岗位描述
招聘对象:本、硕、博。
毕业时间:2026 年 9 月至 2027 年 8 月期间毕业(中国大陆以毕业证为准,非中国大陆地区以教育部学位认证为准)且最高学历毕业后无全职工作经验的学生。
Responsibilities:
Optimize the design and implementation of scalable and efficient data architectures, such as streaming data processing, data pipelines, and distributed systems.
Develop a real-time data computing and storage platform, ensuring stability and high availability of OLTP and OLAP data query and analysis services.
Understand the specific reports, analyses, and insights that need to be derived from data, and create data-driven solutions to effectively support operational analytics needs.
Monitor and enhance the performance of data infrastructure, including query optimization, resource management, and data partitioning strategies.
Collaborate with cross-functional teams, data scientists, and data engineers to gather data requirements, and provide comprehensive documentation for data infrastructure solutions and best practices.
Qualifications:
Bachelor's or master's degree in computer science, data engineering, or a related field is required. Candidates with coursework or specialization in database systems, distributed computing, and cloud technologies are preferred.
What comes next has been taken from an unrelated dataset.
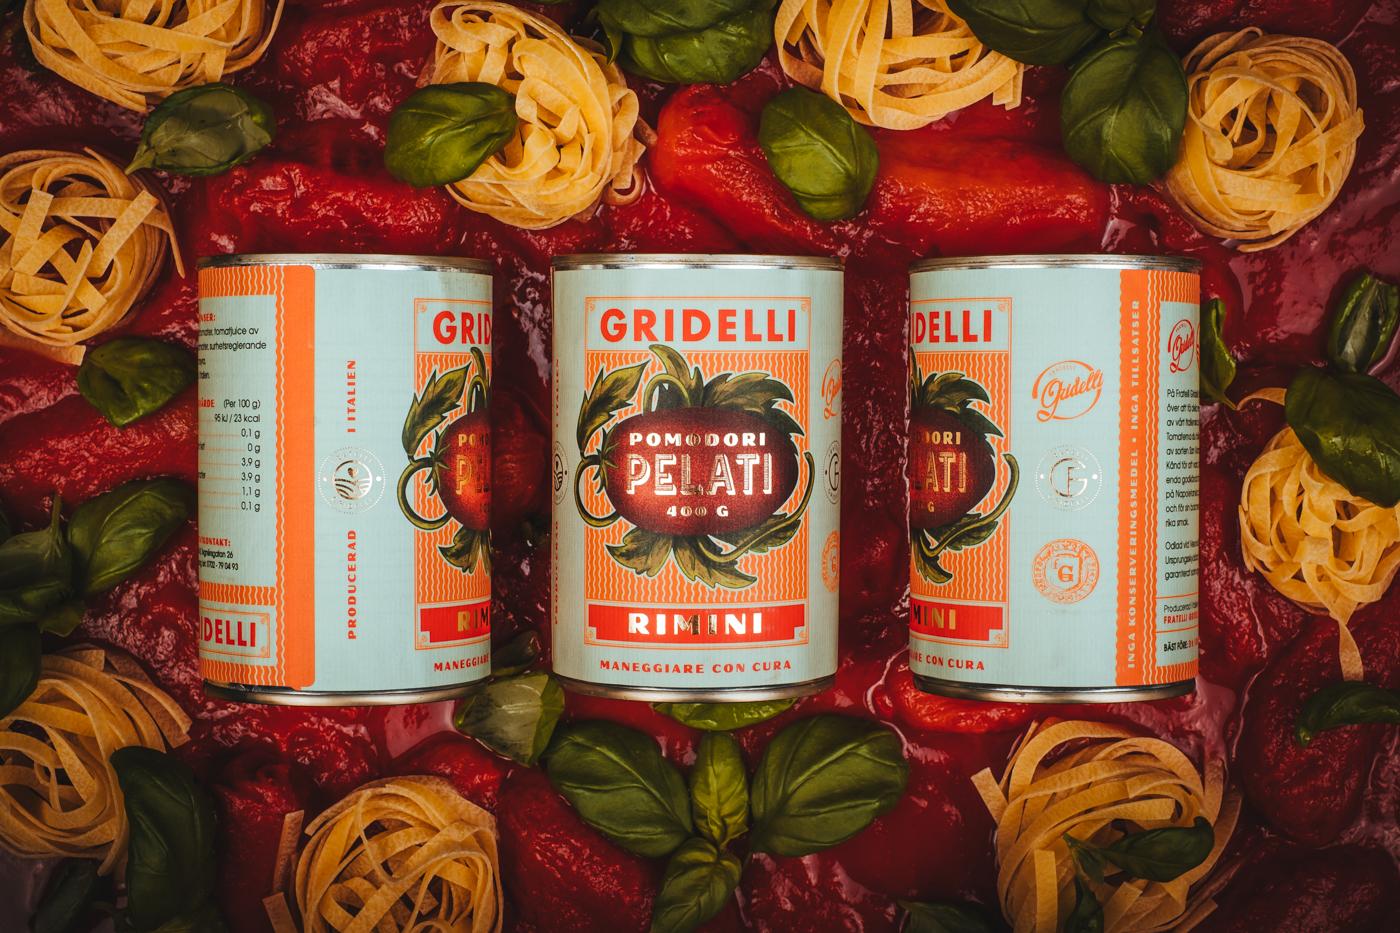 Gridelli_Pomodori-3648

Proficiency in programming languages such as Java, C++, or Go, as well as hands-on experience with both SQL and NoSQL database systems, is required. Familiarity with distributed computing frameworks, such as Apache Flink, Apache Spark, Apache Hadoop, and Presto, is a plus. Experience working with cloud platforms, such as AWS, Aliyun, or GCP, is also preferred.
Proficiency in using Git version control tools is required.
Prior experience with distributed databases, NoSQL, message queues, caching, and TCP/IP principles, with the ability to design complex systems for high concurrency and large data volumes.
A strong sense of ownership, a collaborative mindset, and excellent analytical and communication skills.
Experience with AI-assisted development tools (e.g., Claude Code, Codex, GitHub Copilot) to improve coding, debugging, and data pipeline development efficiency is a plus; familiarity with LLM-powered application scenarios (e.g., RAG, AI-driven data processing) is preferred.